Spain's Guardia Civil called the food fraud case a 'major' incident
Spain's Guardia Civil called the food fraud case a 'major' incident

A Spanish meat company has been accused of selling beef burgers bulked up with pork, bread and/or fat in a major case of apparent food fraud.

Investigators from Spanish law enforcement agency the Guardia Civil allege the unidentified Spanish meat company, based in Burgos, was selling beef burgers and meatballs that may have contained more pork, bread, fat or soy.

So far, 14 people have been charged with food fraud crimes, according to the Guardia Civil, which said the suspects had been “brought to justice”.

The country’s oldest enforcement agency described the Spanish meat swindle as a “major” example of food fraud on a national level.

Crime for economic gain

Beef costs more than pork, bread, fat or soy and the Guardia Civil said it believed the unnamed Burgos-based company’s use of cheaper ingredients provided an “important economic benefit” to the business.

A near one-and-a-half-year investigation began in December 2015 when the Guardia Civil said it became aware that the Burgos meat company might be committing possible food fraud . Officers believed the company was selling processed meat with a label that deliberately misled consumers on what was actually inside the food. It is unclear how the police agency reached this conclusion.

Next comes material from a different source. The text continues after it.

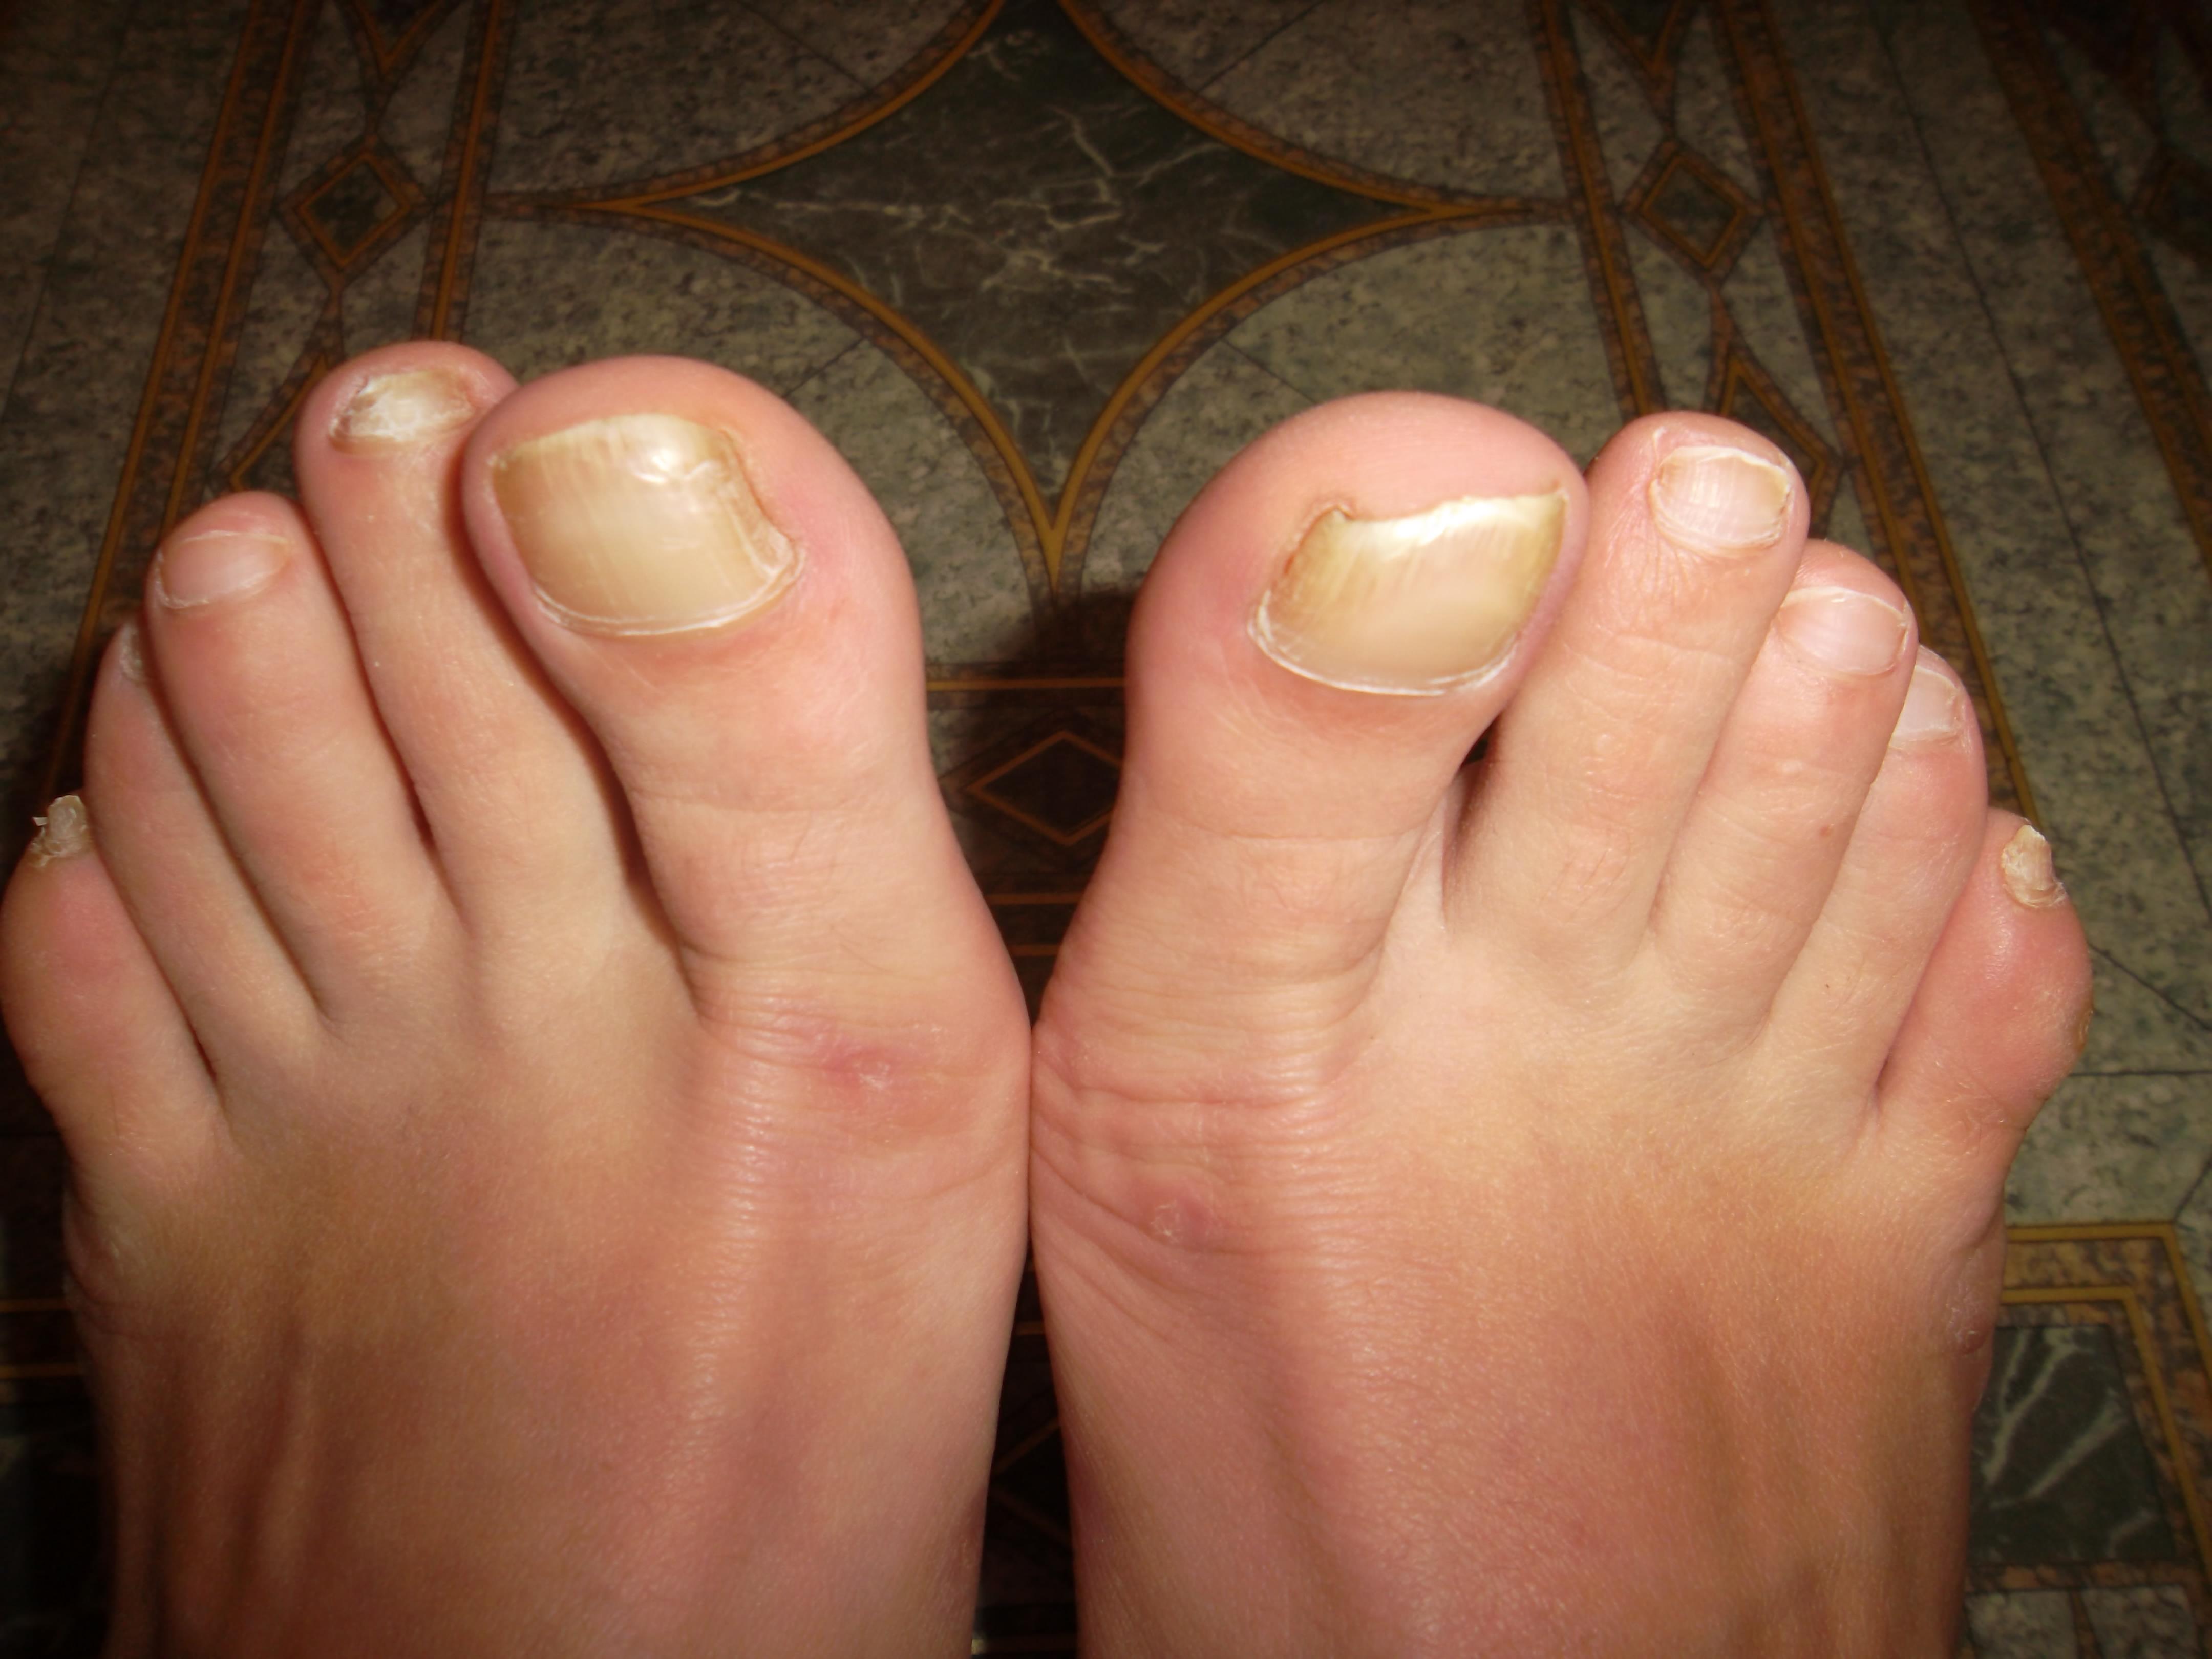 Как вылечить грибок на подошве ног в домашних условиях быстро

Undercover officers found evidence from at least 2002 that suggested the business was making quick-frozen meat products that sometimes contained less than a quarter beef.

Agents managed to covertly acquire meat samples from a number of facilities operated by the Burgos-based company. These were then tested in state-owned laboratories and the results were scathing: while labels stated beef was the main ingredient, a high percentage contained either pork, bread, fats or soy.

The Guardia Civil labelled the case of food fraud – which saw agents trawl through over 3,000 documents during the investigation – a “deception”.

The law enforcement agency could not be reached for further comment at the time of writing.

The story is ongoing. More developments to follow.